## [Provided data]
_ _ _

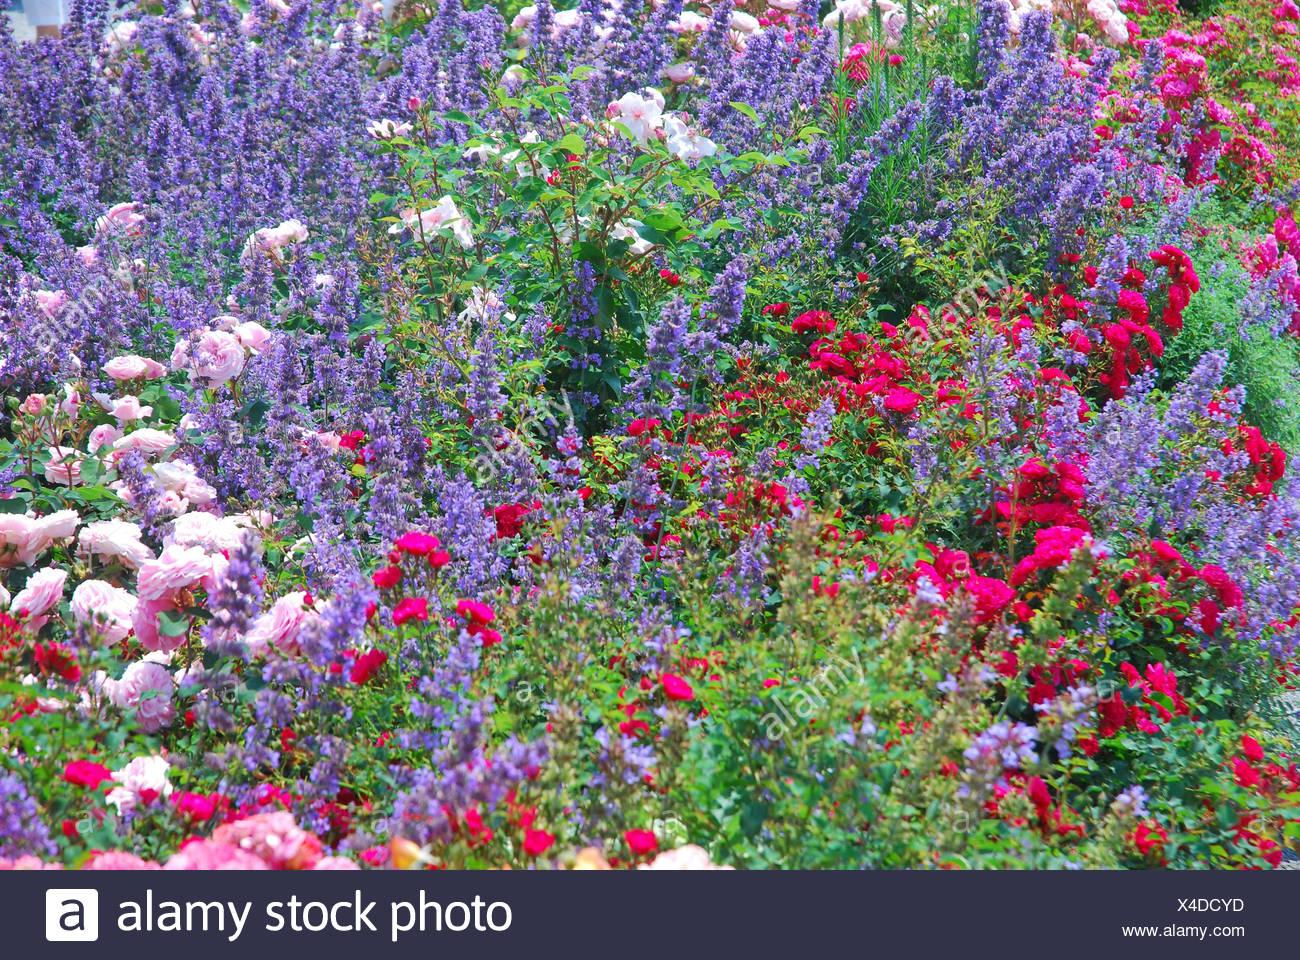 Geliebte Sommergarten, Blumenbeet, Rosen, Lavendel Stockfoto, Bild #MI_37
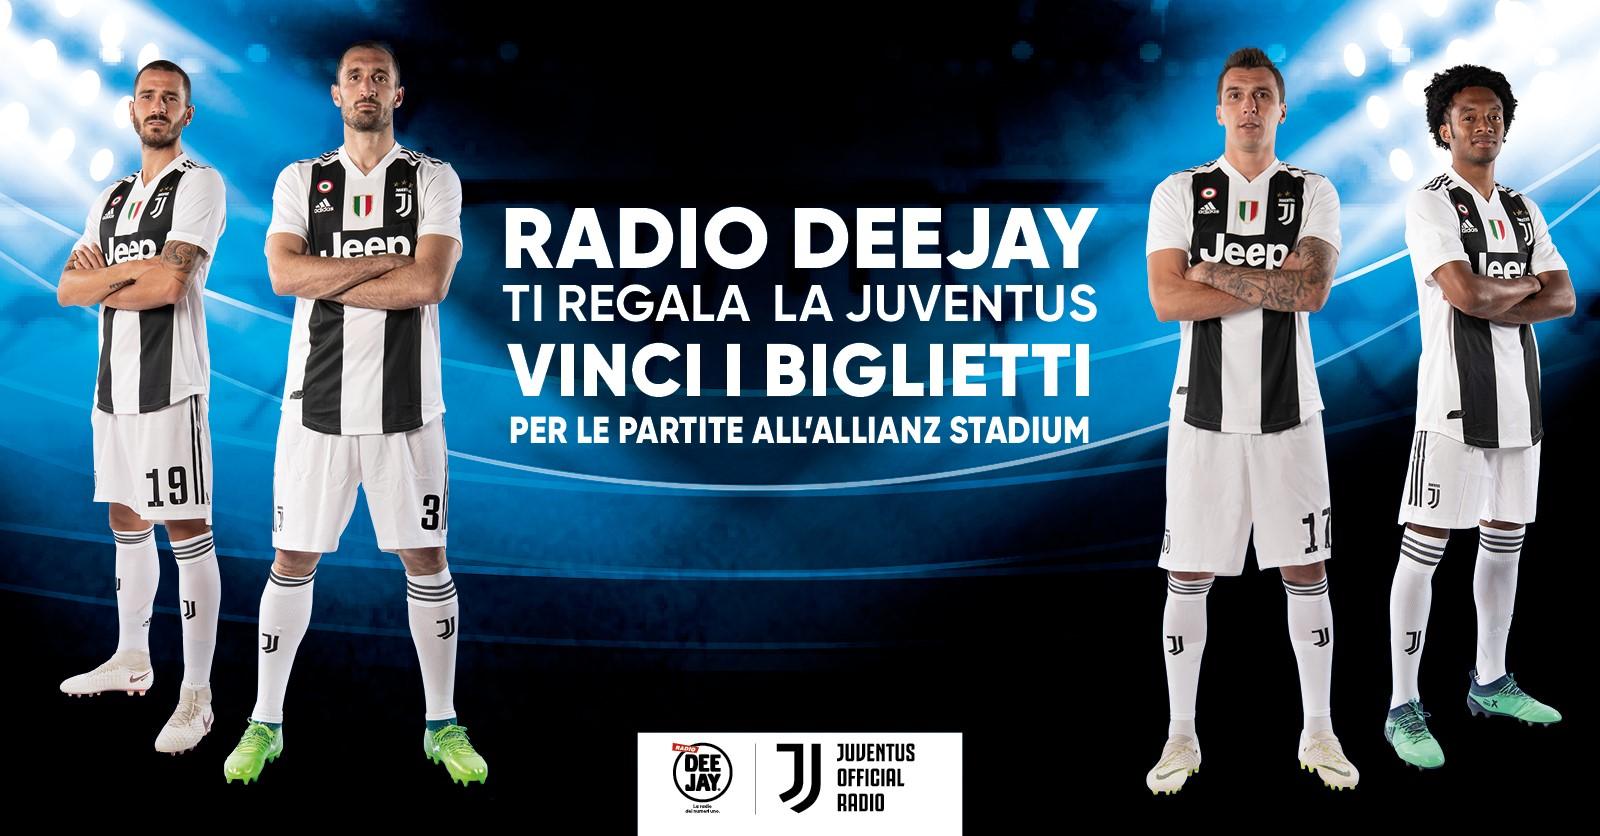 Gioca con Deejay e vinci i biglietti per le partite della Juventus
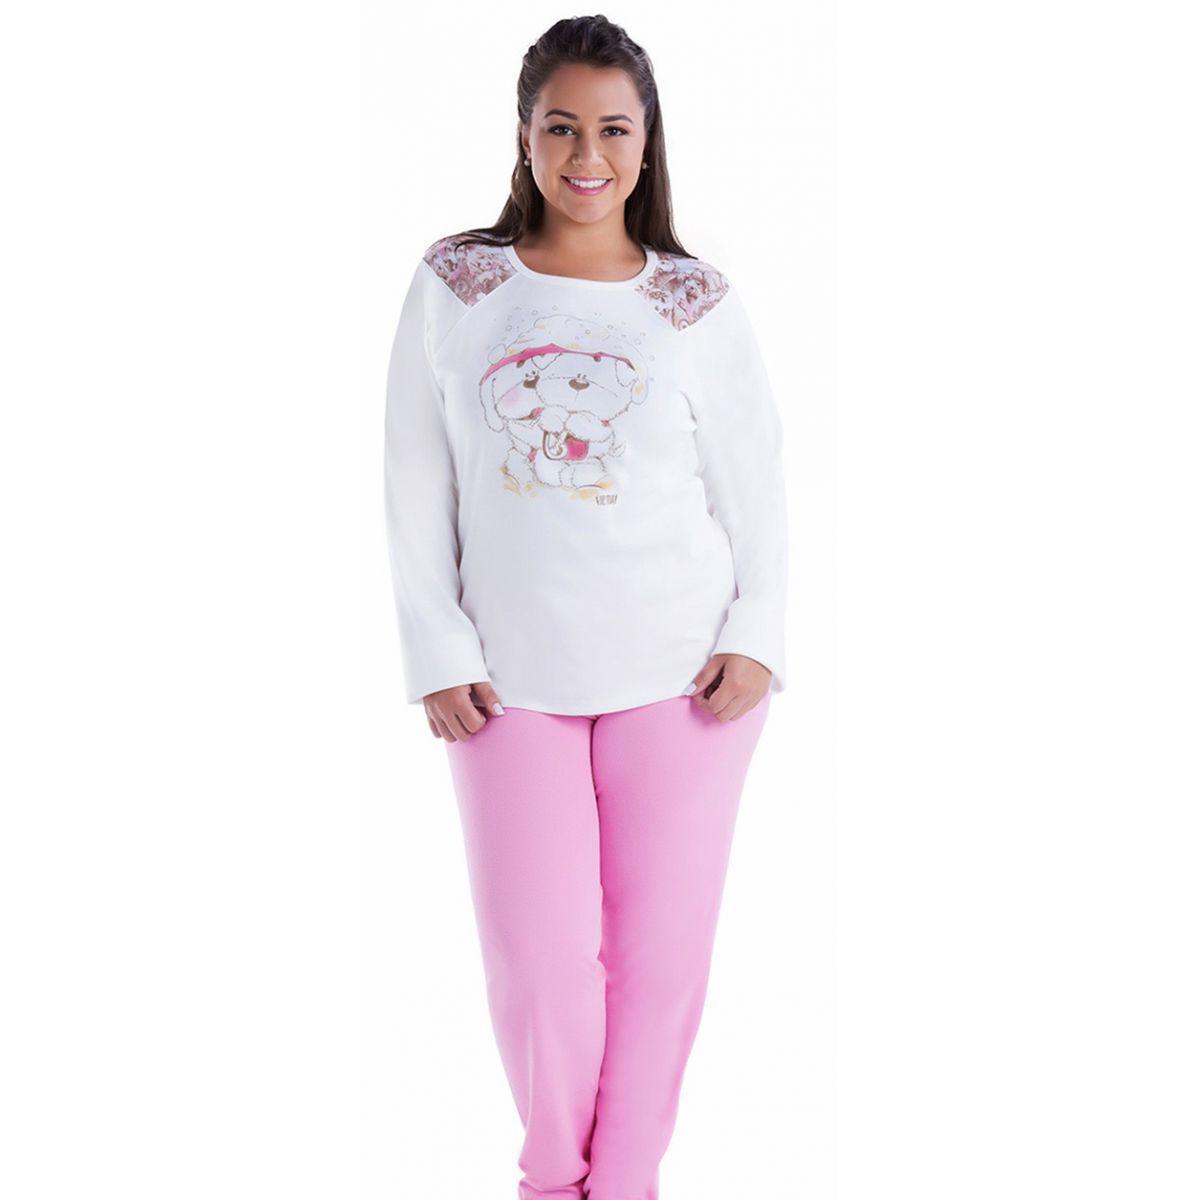 Pijama inverno feminino Plus Size - Victory 17129

_ _ _

## [What you will do]
All of the material above must be given again verbatim, except for the pictures.

## [Output below]
 Geliebte Sommergarten, Blumenbeet, Rosen, Lavendel Stockfoto, Bild #MI_37
 Gioca con Deejay e vinci i biglietti per le partite della Juventus
 Pijama inverno feminino Plus Size - Victory 17129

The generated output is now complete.